Data block -

++++++++

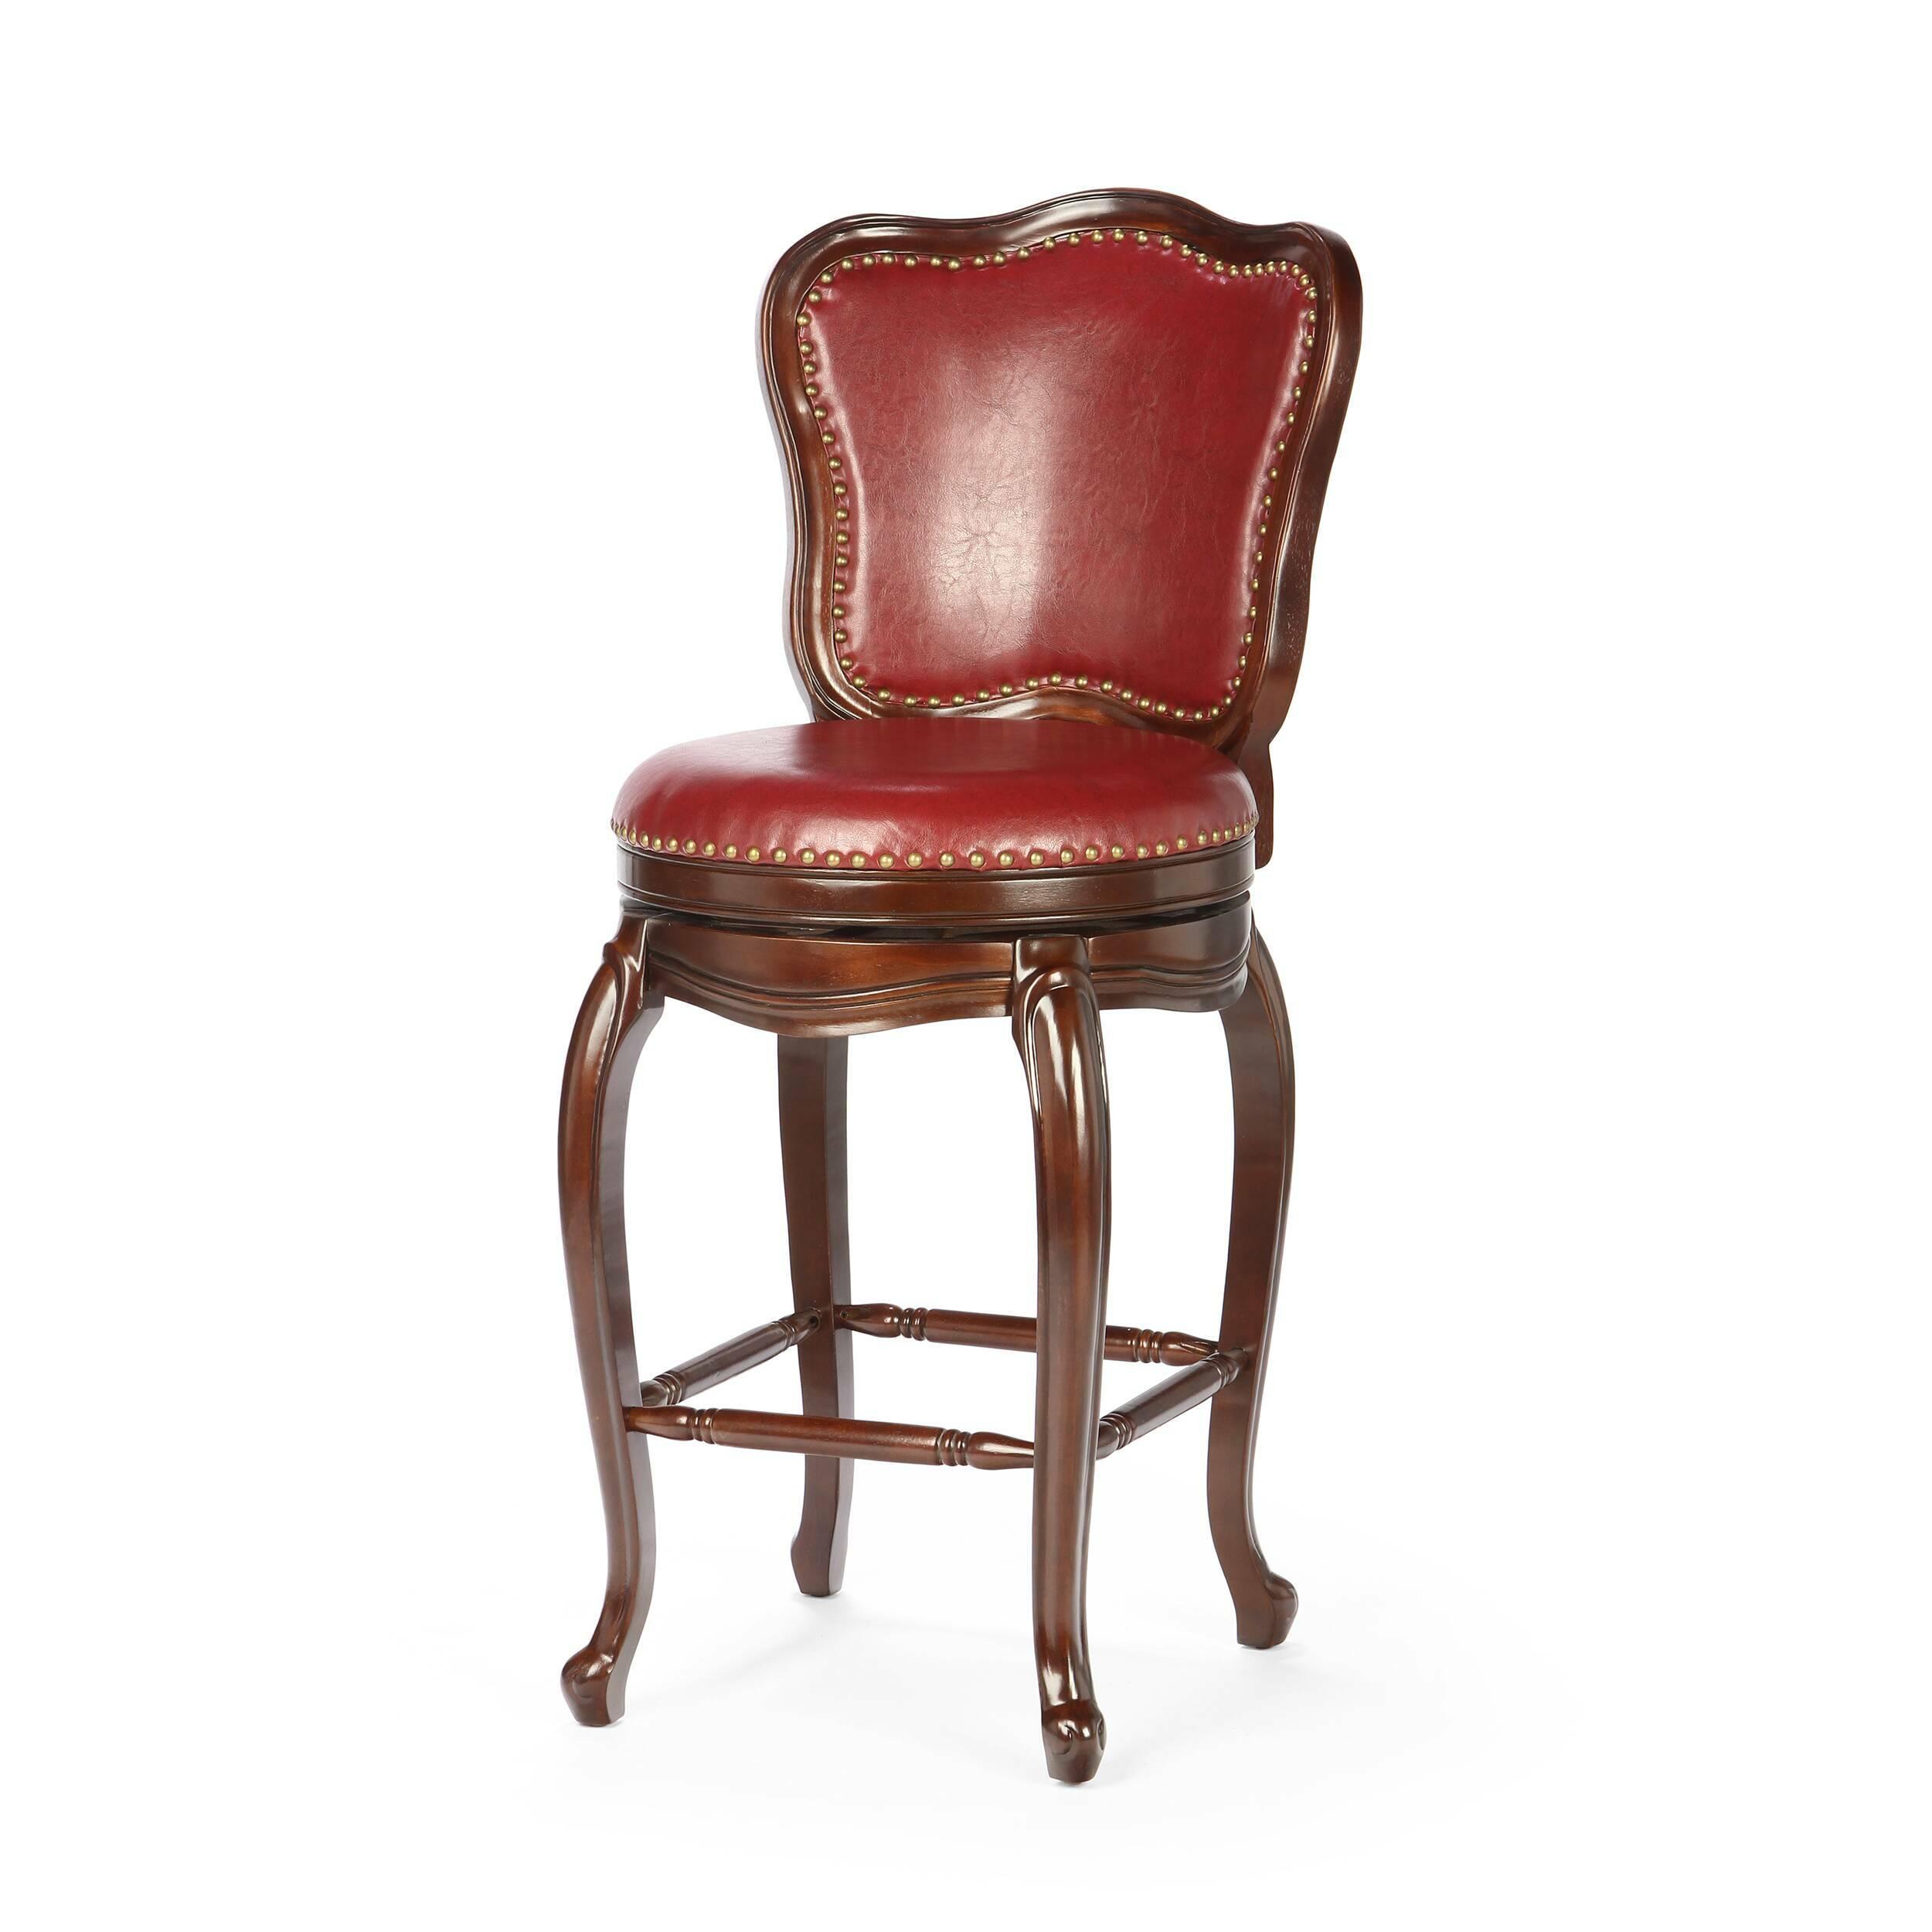 Барный стул CatelliБарные<br>Дизайнерский красный барный стул Catelli (Кателли) из искусственной кожи на деревянных ножках от Cosmo (Космо). <br>Если вы хотите создать свой уникальный интерьер с традиционным винтажным уклоном, то у нас есть для вас нечто особенное — оригинальный барный стул Catelli. Этот стул прекрасно впишется в классический интерьер обеденной зоны вашего дома, бара или ресторана. <br> <br> Утонченный дизайн Catelli не оставит равнодушными ваших гостей. Темная полиуретановая обивка под кожу, однотонные ножки ...<br><br>stock: 23<br>Высота: 119<br>Высота сиденья: 76<br>Ширина: 58<br>Глубина: 61<br>Наполнитель: Пена<br>Материал каркаса: Массив дуба<br>Тип материала каркаса: Дерево<br>Материал сидения: Полиуретан<br>Цвет сидения: Красный<br>Тип материала сидения: Кожа искусственная<br>Цвет каркаса: Темно-коричневый
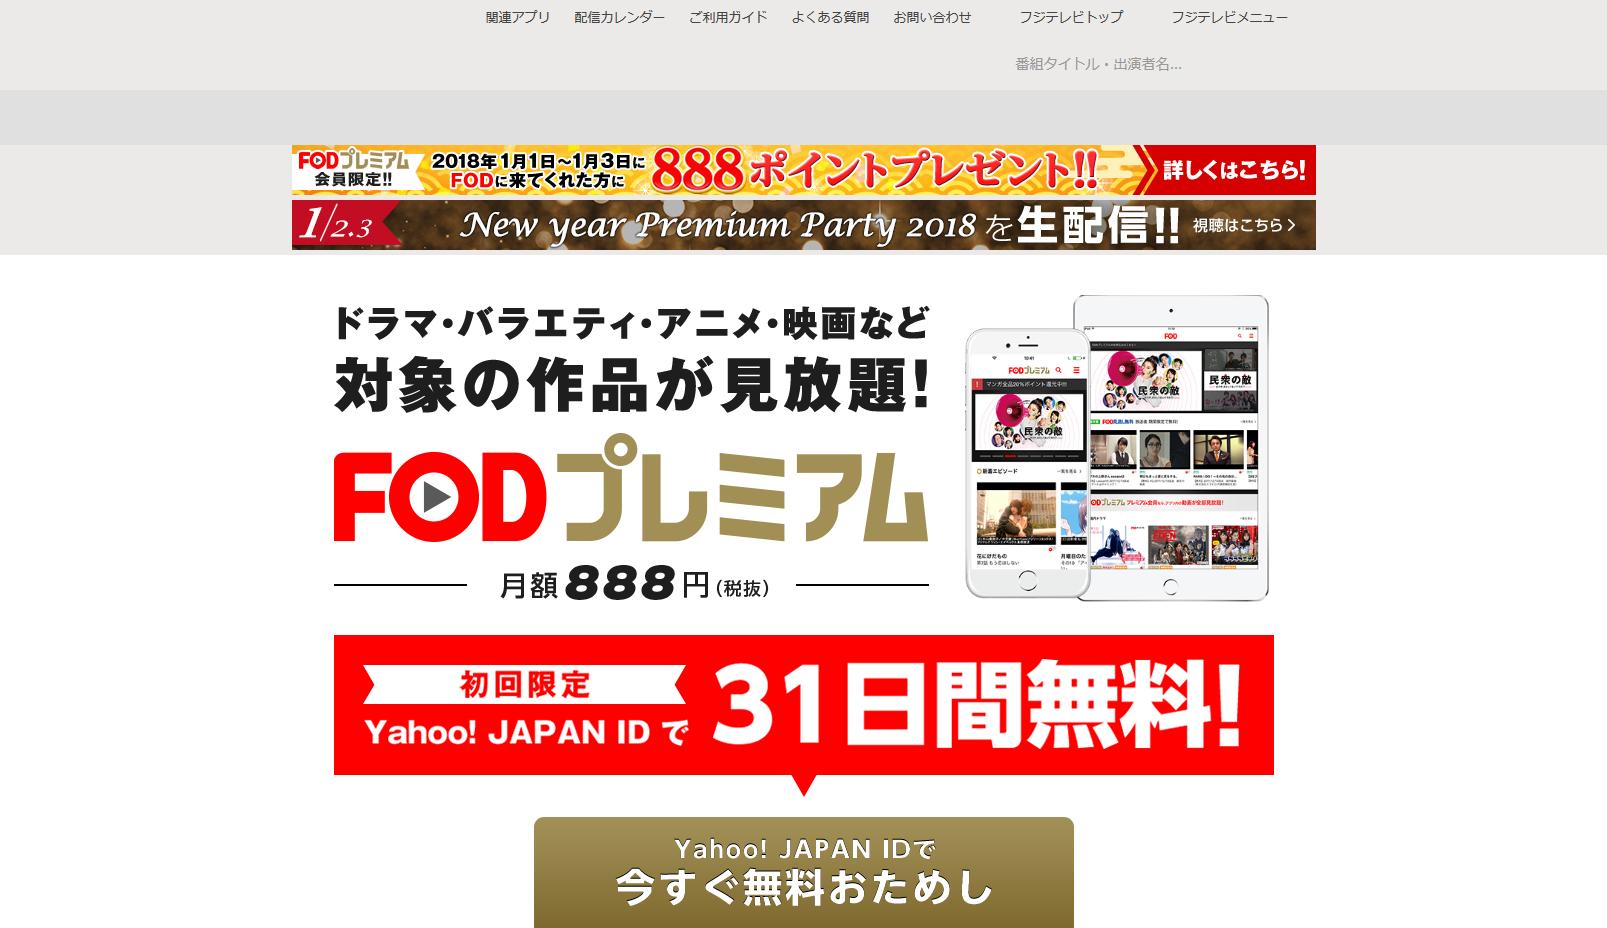 FODプレミアム - FOD - フジテレビの動画配信
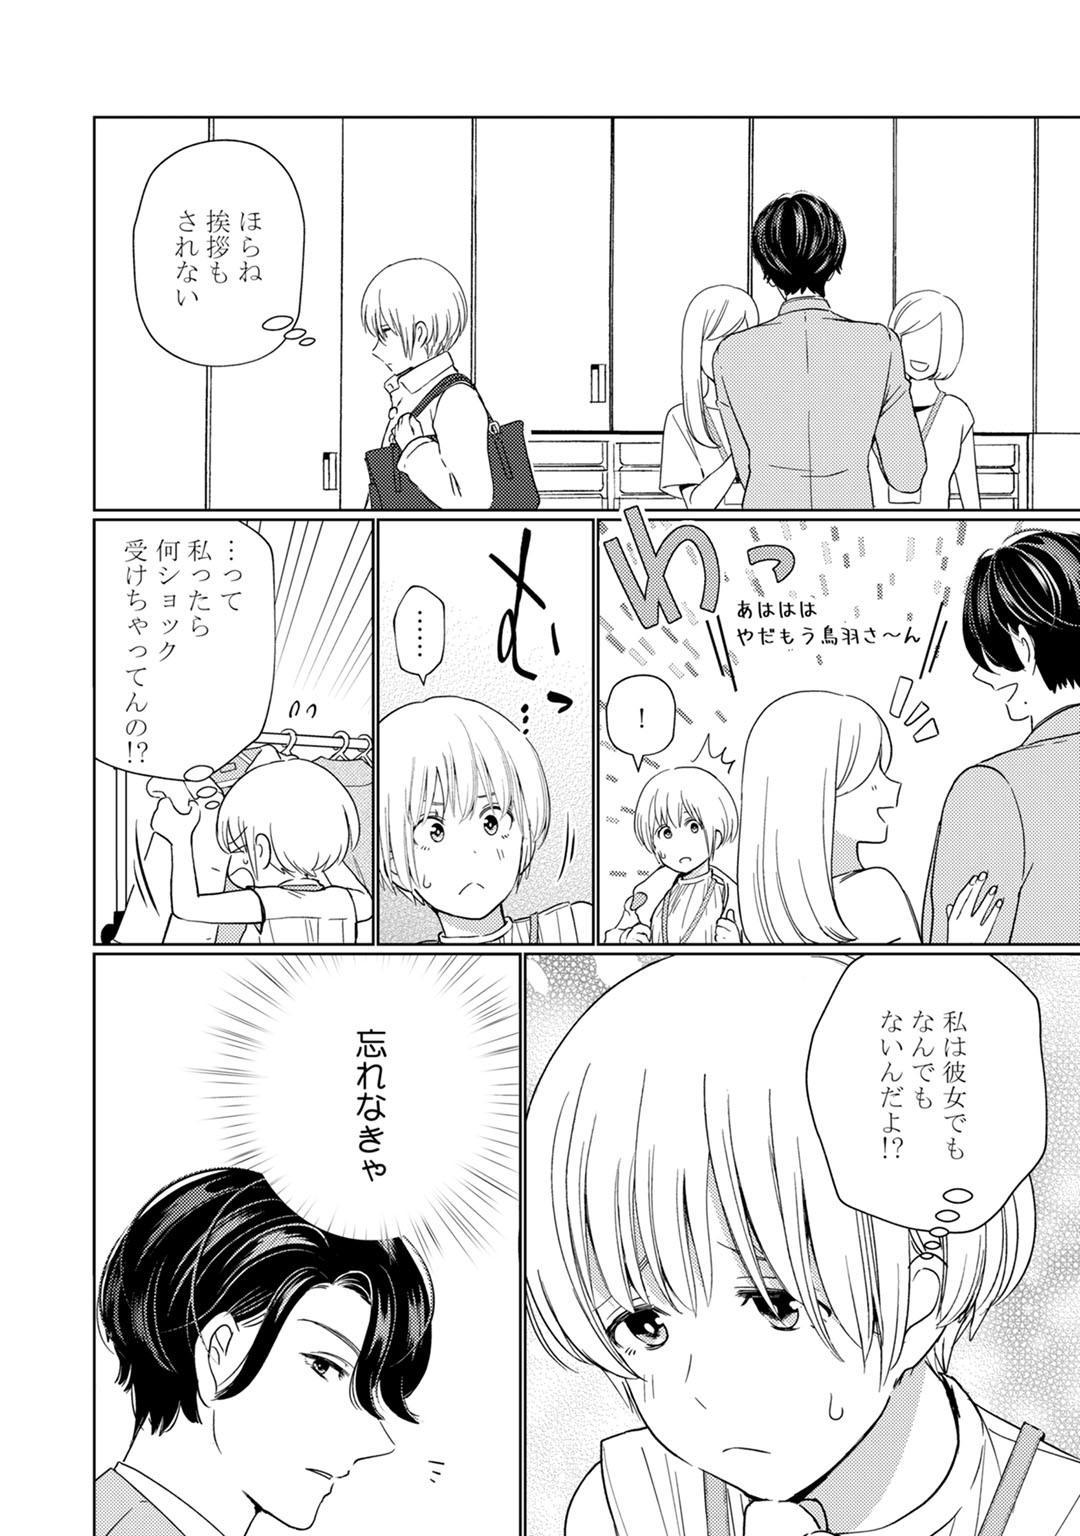 [Okonogi Happa] Kyonyuu-chan to Kyokon Joushi -Kaisha de Musabori Sex- act. 2 7

++++++++

Exercise requirements -
Every line of the material must be reproduced verbatim; the pictures are to be omitted.

Response to the exercise -
 Барный стул CatelliБарные<br>Дизайнерский красный барный стул Catelli (Кателли) из искусственной кожи на деревянных ножках от Cosmo (Космо). <br>Если вы хотите создать свой уникальный интерьер с традиционным винтажным уклоном, то у нас есть для вас нечто особенное — оригинальный барный стул Catelli. Этот стул прекрасно впишется в классический интерьер обеденной зоны вашего дома, бара или ресторана. <br> <br> Утонченный дизайн Catelli не оставит равнодушными ваших гостей. Темная полиуретановая обивка под кожу, однотонные ножки ...<br><br>stock: 23<br>Высота: 119<br>Высота сиденья: 76<br>Ширина: 58<br>Глубина: 61<br>Наполнитель: Пена<br>Материал каркаса: Массив дуба<br>Тип материала каркаса: Дерево<br>Материал сидения: Полиуретан<br>Цвет сидения: Красный<br>Тип материала сидения: Кожа искусственная<br>Цвет каркаса: Темно-коричневый
 FODプレミアム - FOD - フジテレビの動画配信
 [Okonogi Happa] Kyonyuu-chan to Kyokon Joushi -Kaisha de Musabori Sex- act. 2 7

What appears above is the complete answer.